Some changes are improvements over the original show: Longbottom expunges the original’s recurring refrain of “Showbiz, it’s just Showbiz,” and no one will miss it. One interpolation from the movie, “Listen,” actually serves well as a song of reconciliation between Deena and Effie near the show’s end.
But despite all that’s wrong, it’s hard to kill a show as solidly constructed as Dreamgirls. Henry Krieger’s score and Tom Eyen’s book just work, dammit. As long as you have a talented cast, which this production does, you’re going to have a good time. Moya Angela, the latest to undertake the star-making role of Effie White, is a fine actress and an amazing singer, although she relies too much on her belt in the first act. (A little more dynamic range would serve her better.) But when she takes the stage for the legendary “And I Am Telling You I’m Not Going,” the LED panels shut off, and she’s a single performer in a simple spotlight driving the crowd wild. Her overpowering skills and the raw emotional need and desperation she exhibits prove her a worthy successor to her most famous predecessors, Jennifers Hudson and Holliday.

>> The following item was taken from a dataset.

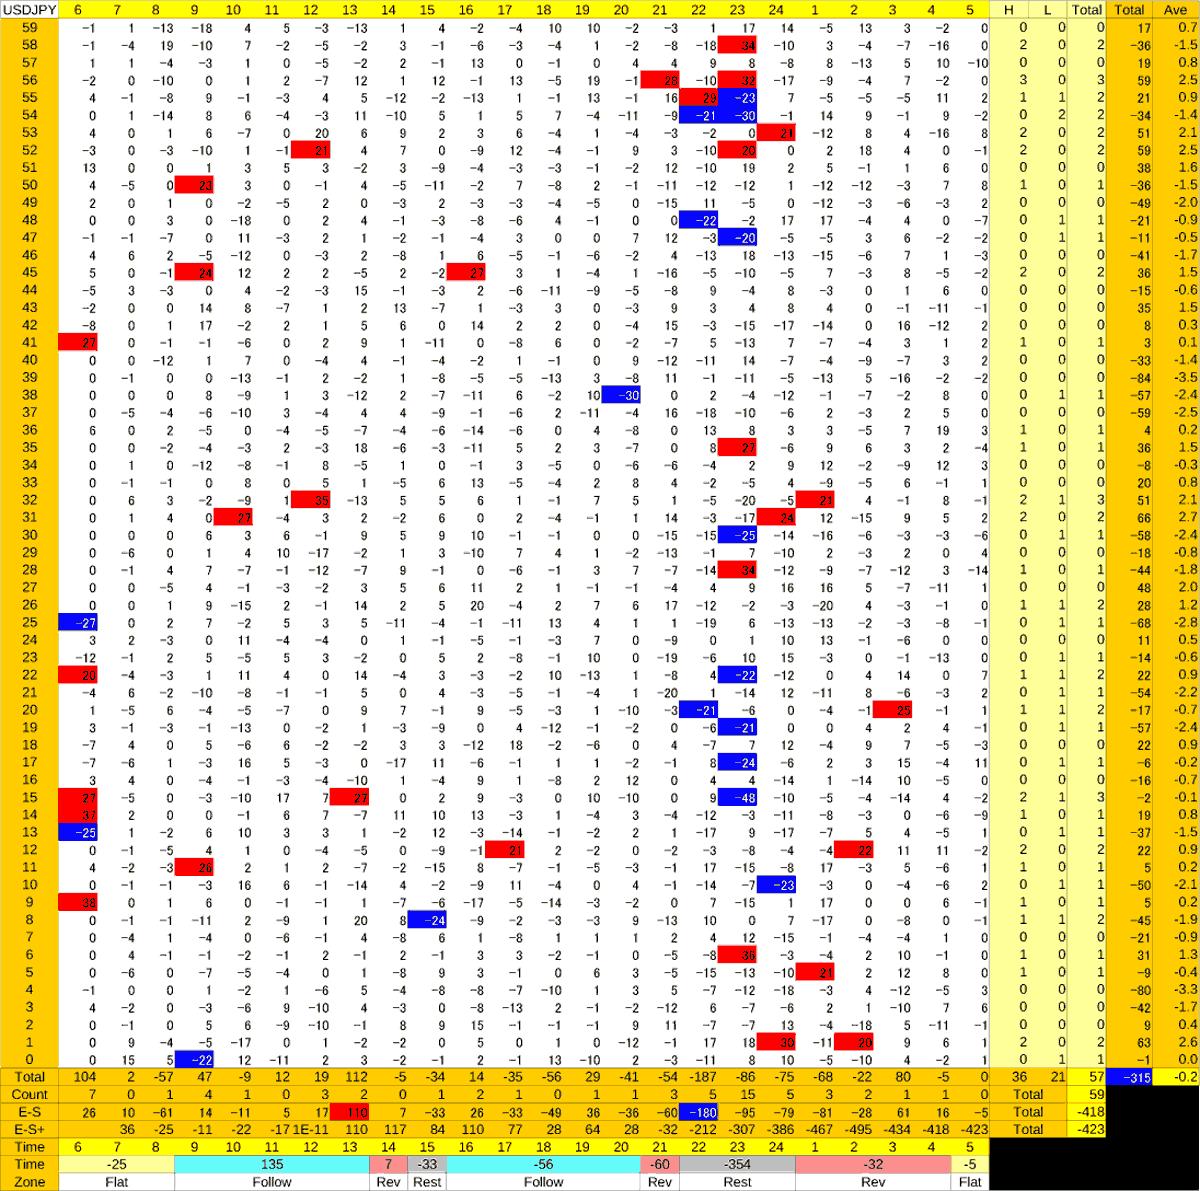 20200721_HS(1)USDJPY

However, the real reason I’m writing about an inadequately directed show that has only one week left in its San Francisco run, is a star-making performance from an unexpected quarter. Chester Gregory as James Thunder Early (a sort of amalgamation of James Brown and Edwin Starr) is absolutely astounding. As a singer, he growls, screams, wails, and screeches, but all of it with an impeccable musicality. He can hold an impossibly high falsetto note for an eternity and then plunge down to an earthy rumble for a second eon. He’s possessed of genius comic timing. When Early first appears at a white Miami resort, singing “I Want You Baby,” he has to struggle to keep his raucous vocal abilities in check and sing “smoother,” i.e., more white. Gregory turns this into a show-stopping, virtuoso display. He’s in complete control of his actual audience (us) while hilariously in and out of control to his Miami audience. When in one of his more unhinged moments he approaches the Dreams (serving as his back-up singers), they run offstage in fright. Gregory is also the best dancer on the stage, defying both gravity and human anatomy as he melts down to his knees and pops smoothly back up again. Each time Gregory reappears, the audience visibly perks up, practically leaning forward in their seats to see what fresh treat this gifted performer will next put forward. When Early is fired by Curtis (a Berry-Gordy-type manager who serves as the play’s heavy) and dumped by Lorrell (he is married to someone else, so you can’t really blame her), Gregory performs a short musical phrase in response that once again dazzles. So much so, you can hear the audience thinking, Come on, Lorrell: Where are you gonna find someone else like Jimmy? A performance this good in a show so solidly created that it survives all manner of bad choices is reason enough to see this new production. Where else are you gonna find someone like Chester Gregory?